Power Finance Corporation Ltd : Growth revival with improving asset quality; Attractive valuations - Emkay Global
Growth revival with improving asset quality; Attractive valuations
We are initiating coverage on Power Finance Corp. (PFC) with a Buy rating and a TP of Rs210 (+73% upside). Our TP implies 1.0x FY23E adjusted standalone P/B multiple and 6x P/E. We believe that with the rising share of PSU exposure and stringent underwriting practices, PFC’s asset quality trend is likely to improve. Our account-byaccount analysis of stressed assets indicates that the current provision coverage is adequate for previous years’ NPAs. In our view, the government’s Aatmanirbhar Bharat package for discoms should boost loan growth in the near term.
* Legacy NPAs from private sector; zero credit loss in government-backed entities: Despite stringent underwriting standards, PFC witnessed volatile asset quality trends due to private sector exposure; NPA formation here was a result of regulatory changes, which affected all power sector lenders. As of Sep’20, the private sector accounted for 16% (Rs611bn) of PFC’s loan book, of which 43% was already recognized as NPAs. We remain comfortable with the rising share of Government/PSU sector (including state utilities) in PFC’s loan book, since it potentially entails lower credit losses.
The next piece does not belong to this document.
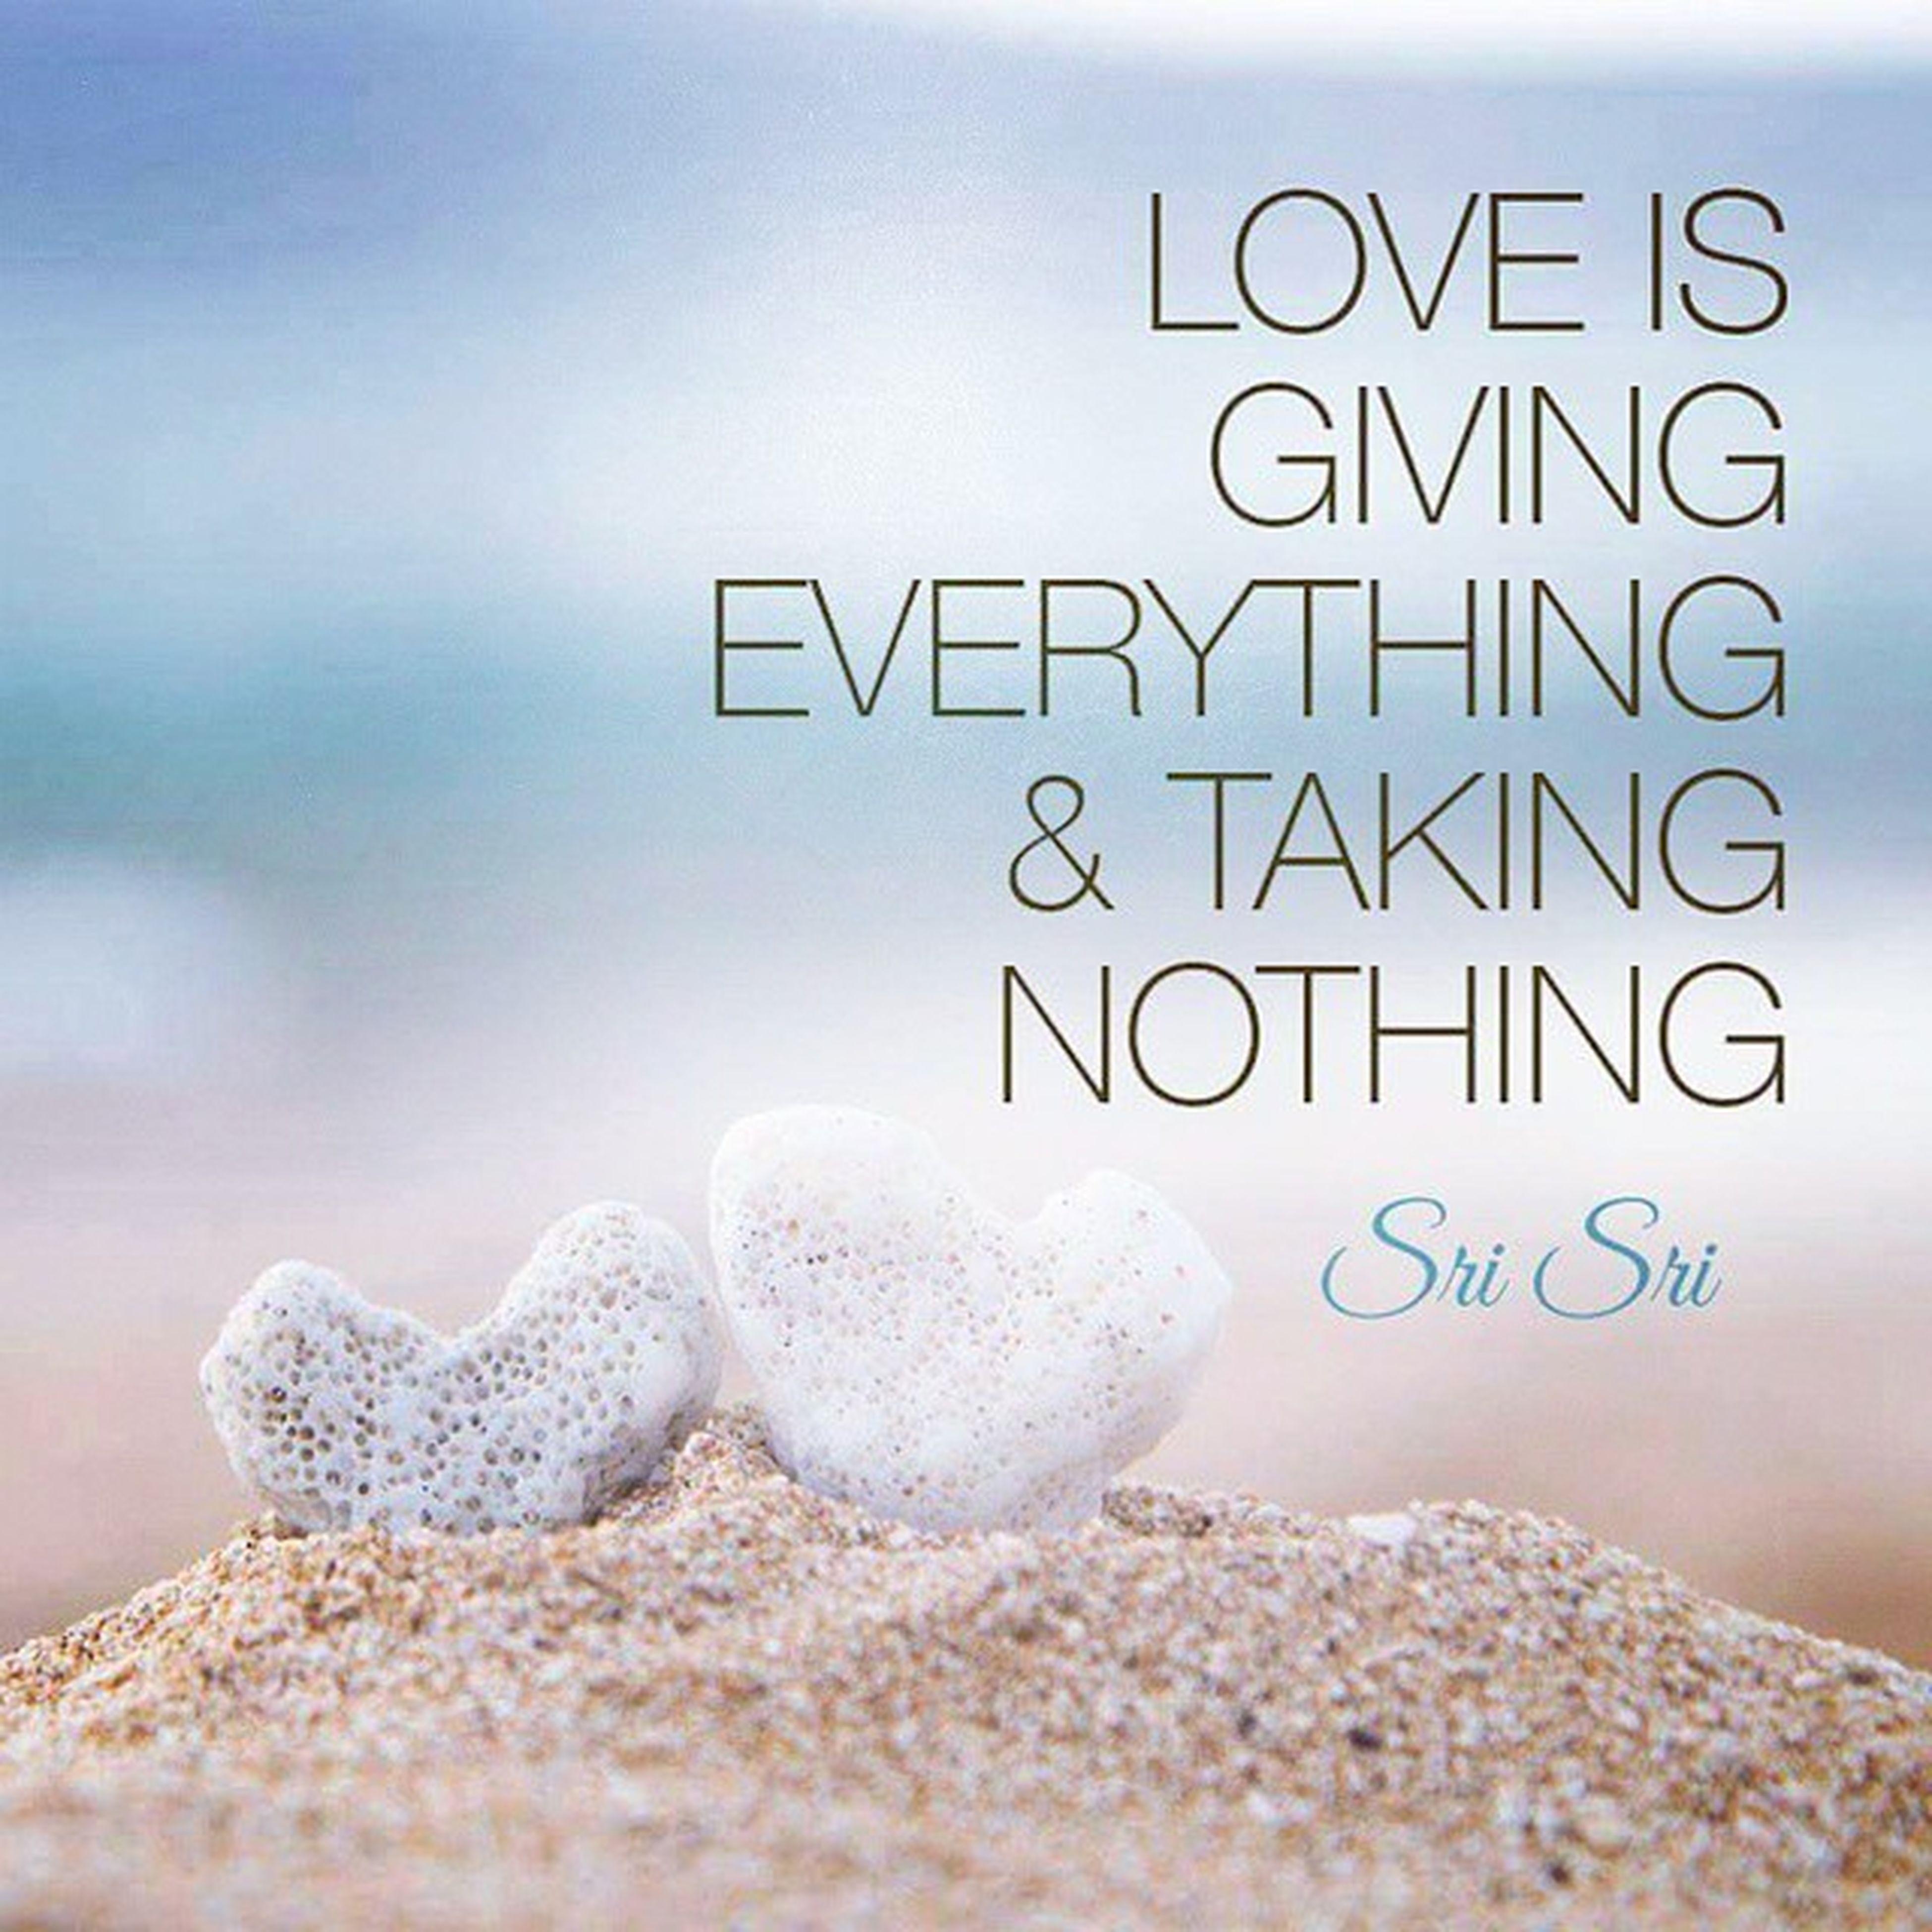 Love True Deep Quote Jalandhar Punjab 2015  Feeling Rightsaid
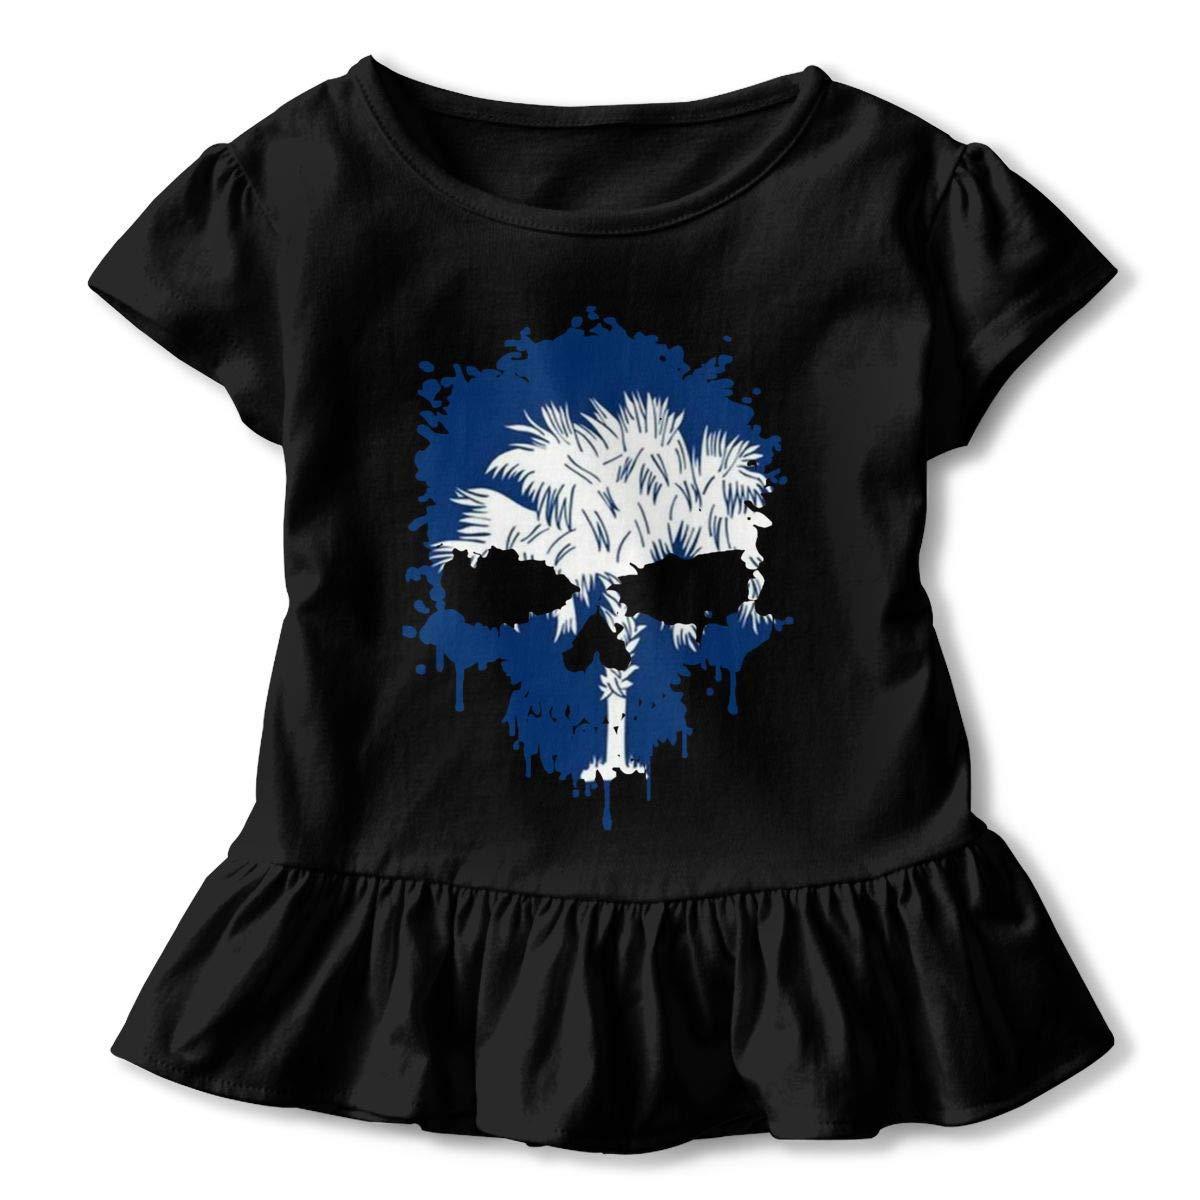 Short-Sleeve South Carolina Skull Shirts for Children Ruffled Tunic Tops with Falbala 2-6T

* Provisions towards legacy NPAs are adequate: Our account-by-account analysis of the existing stressed asset pool suggests limited risk of additional credit costs. We expect the overall haircut on the existing stressed portfolio to be 48-50%; therefore, the current provision coverage of 56% is adequate. With gradual resolution of NPAs, we expect some reversal in provisions over a period of time; however, we are not building in the same in our estimates.
* Aatmanirbhar package to boost loan growth; may need to look beyond power sector to sustain growth: In a major push to revive financial health of ailing discoms, the government under the Aatmanirbhar scheme has decided to infuse liquidity of Rs1.2tn through PFC and REC. As state discoms seek loans and receive sanctions (Rs311bn sanctioned so far), we expect a steady revival in disbursements. In our view, PFC’s Genco book has largely peaked, given the current low-PLF operating environment, and as future generation capacity will largely come in the renewables segment (PFC’s market share is low here). Accordingly, the government may allow PFC to expand beyond the power sector, which could help it avoid stagnation/decline beyond the next 2-3 years, in our view.
* TP of Rs210 based on excess-return methodology: We value PFC on the basis of a sum-of-the-parts (SOTP); standalone PFC is valued by discounting profits in excess of CoE, and we add the value of 52.6% stake in REC at the current market cap after a 30% holdco discount. We model a 25% dividend payout ratio (DPR) through FY23E and 50% thereafter. Our bull case scenario yields Mar’22 fair value of Rs265, based on: (1) a 50% DPR in FY22E/FY23E; (2) REC valuation done at a multiple similar to that of PFC.
* Key risks: PFC has 58% of its FX exposure unhedged. We model FX losses based on 1.5% annual INR depreciation; however, a more adverse FX movement could impact our earnings forecasts. Further, we build in a 50% DPR beyond FY23, but if the RBI maintains dividend restrictions, our TP would be adversely affected by lower RoEs.